The United States leads developed nations in maternal morbidity, yet research on the literature surrounding severe maternal health in the context of natural disasters remains limited. Projections suggest that tropical cyclone (e.g., hurricane, typhoon, cyclone) intensity will continue to surge as global temperatures rise, and experts warn that they pose one of the most significant threats to global public health in the 21st century.

Objective

This study is the first to apply a spatial clustering approach to maternal health following exposure to a tropical cyclone in North Carolina.

Methods

We conducted an exploratory clustering analysis of hospitalizations for Severe Maternal Morbidity (SMM-21) using the Bernoulli-Kulldorff SaTScan statistic in the context of Hurricane Florence (2018).
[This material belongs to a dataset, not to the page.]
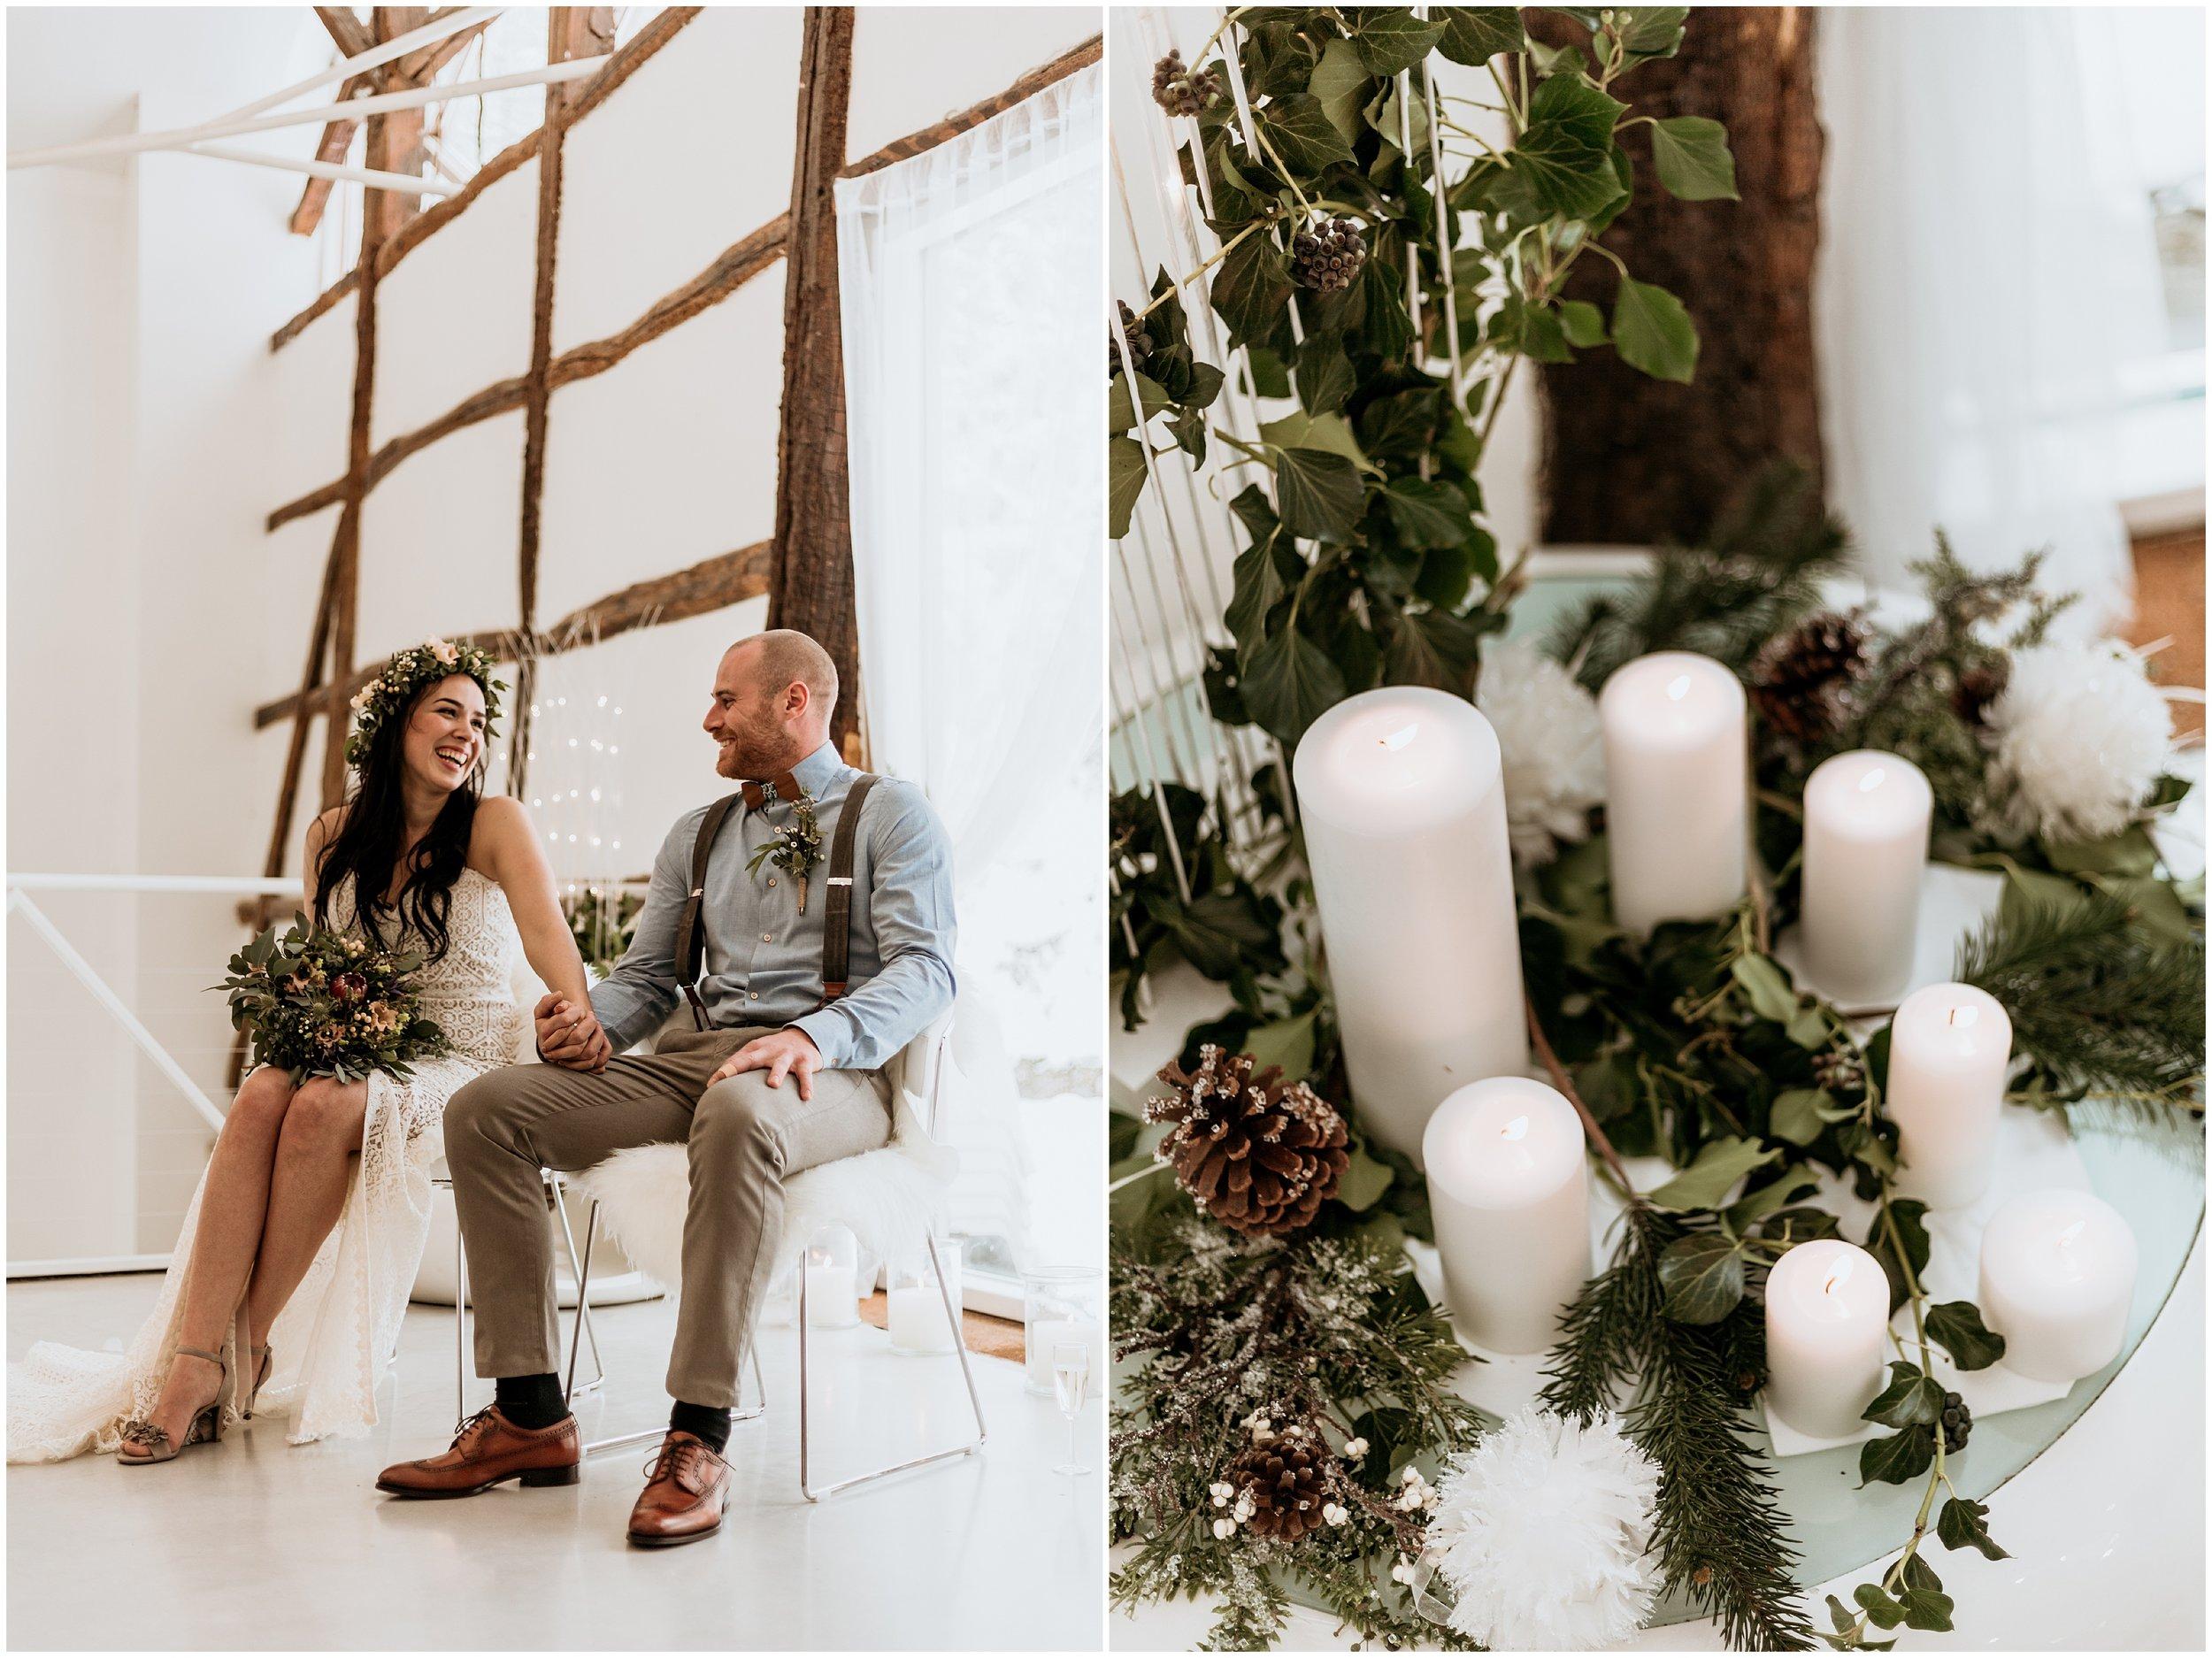 huwelijksfotografie-jana-joeri-ardennen-sechery_0014.jpg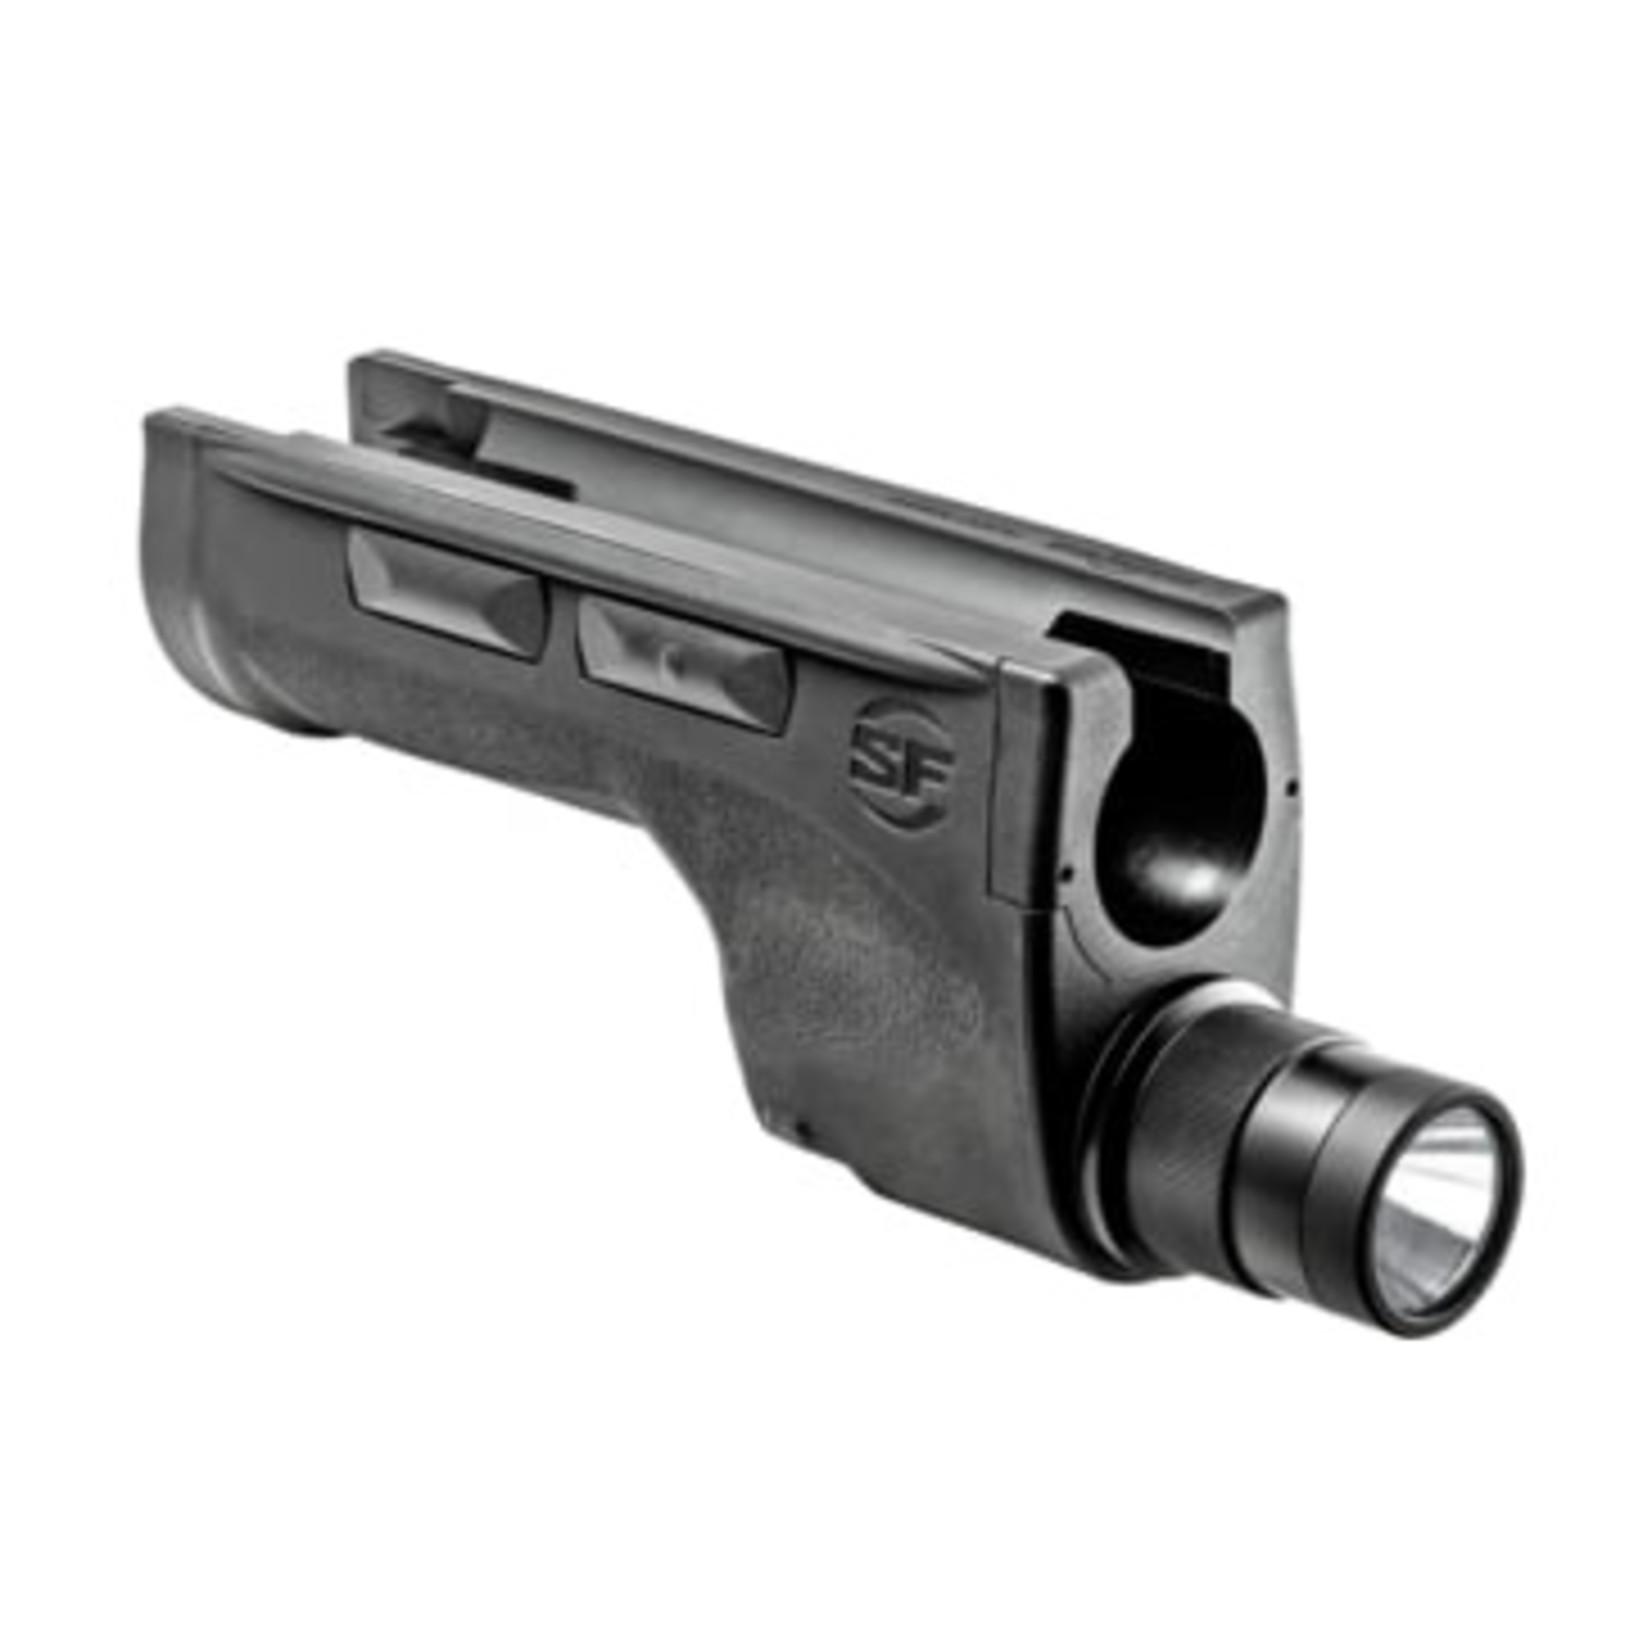 DEDIC 6V SHOTGUN FOREND MOSS 500/590

Multivariate logistic regression identified individual and contextual factors associated with high-risk clusters in the aftermath of Hurricane Florence (2018).

Results

All 28 FEMA disaster-declared counties had presence within an SMM spatial cluster, while individual factors (age ≥ 40) and contextual factors (racial segregation [ICE Race], reduced greenspace, and high-urbanity) were associated with residence in high-risk clusters.

Conclusion

Results indicate the importance of a spatial analytic approach following climate disasters to better identify characteristics of high-burden maternal populations for post-disaster relief and response.